Из книги Джона Стэгга «Вампир». Перевод и вступительное слово Максима Калинина
Опубликовано в журнале Новый берег, номер 77, 2022
Поэт-романтик Джон Стэгг родился в 1770 году в семье портного. Отец прочил сына в священники, но несчастный случай изменил его намерения — в ранней юности Джон ослеп. После переезда в Вигтон он сначала трудился библиотекарем, затем, выучившись игре на скрипке, зарабатывал на хлеб игрою на сельских праздниках. От названия этого небольшого городка к поэту приходит третья составляющая его прозвища — «слепой бард из Вигтона». Несмотря на нездоровье, Стэгг в возрасте двадцати лет женился и впоследствии стал отцом семерых детей.
Пришла пора заметить, что сведения о поэте крайне скудны.

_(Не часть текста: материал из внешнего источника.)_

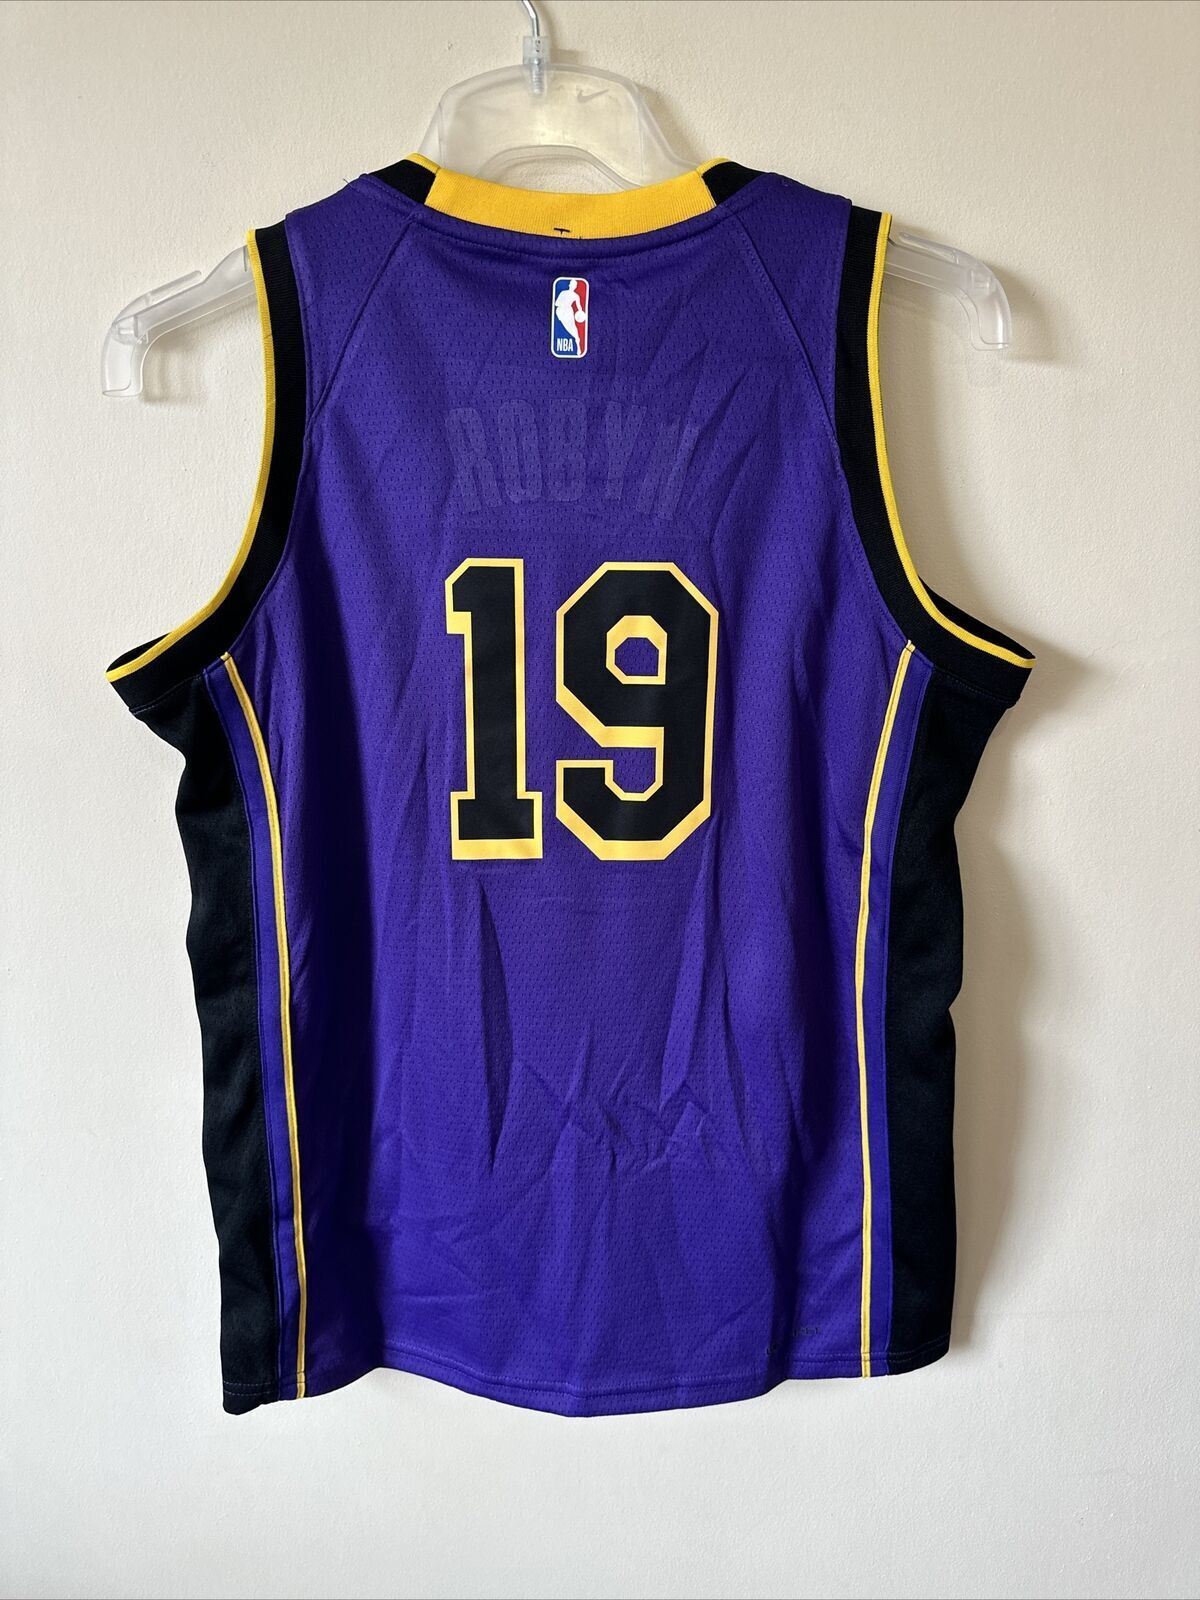 Nike NBA LA Lakers Statement Edition Jersey ‘19’ Youth 12-13 Years

Но то, что скрипачом Стэгг был замечательным, — истинная правда, иначе не стал бы главный поэт Камберленда Роберт Андерсон делать «Слепого барда» одним из персонажей одной из лучших своих баллад «Уортонская свадьба» («The Worton Wedding»).
Стэгг к тому времени был уже автором трех стихотворных книг. Они представляли собой сборники всякой поэтической всячины — эпистолы, эпиграммы, сонеты, переводы из древних авторов. Присутствовали и стихи на камберлендском наречии, на котором Стэгг писал так же хорошо, как на английском. Кстати сказать, в Камбрии творило много поэтов, владевших этим диалектом, а признанным лидером среди них был уже упомянутый Андерсон. Наиболее ярко талант Стэгга-стихотворца проявлялся в балладах, без разницы, на каком языке написанных. А самой интересной из ювеналий было «Возвращение» — своеобразная «анти-Ленора». История, рассказанная Готфридом Бюргером в 1773 году, о возвращении к невесте мертвого жениха для воссоединения в могиле, потрясла не одно поколение романтиков. С ее переложения в 1796 году началась творческая биография одного из величайших мистиков европейской поэзии — Вальтера Скотта. Вошла она и в русскую поэзию в трех лицах, созданных Василием Андреевичем Жуковским. Вариант Джона Стэгга на фоне оригинала весьма приземлен: в ненастную ночь к девушке возвращается с войны давно оплаканный и принятый за призрака муж, но, после всех изумлений и страхов, семья воссоединяется для жизни в отнюдь не шестидосочном дому. В «Возвращении» мало романтических мотивов, но мистическая составляющая балладного жанра присутствует в полной мере. Уже в первых книгах заметно, что Стэгг мастерски овладел этой стихотворной формой, и предшественниками его грядущих шедевров стали «Отшельница», «Самоубийца», «Фредерик и Элиза» и др.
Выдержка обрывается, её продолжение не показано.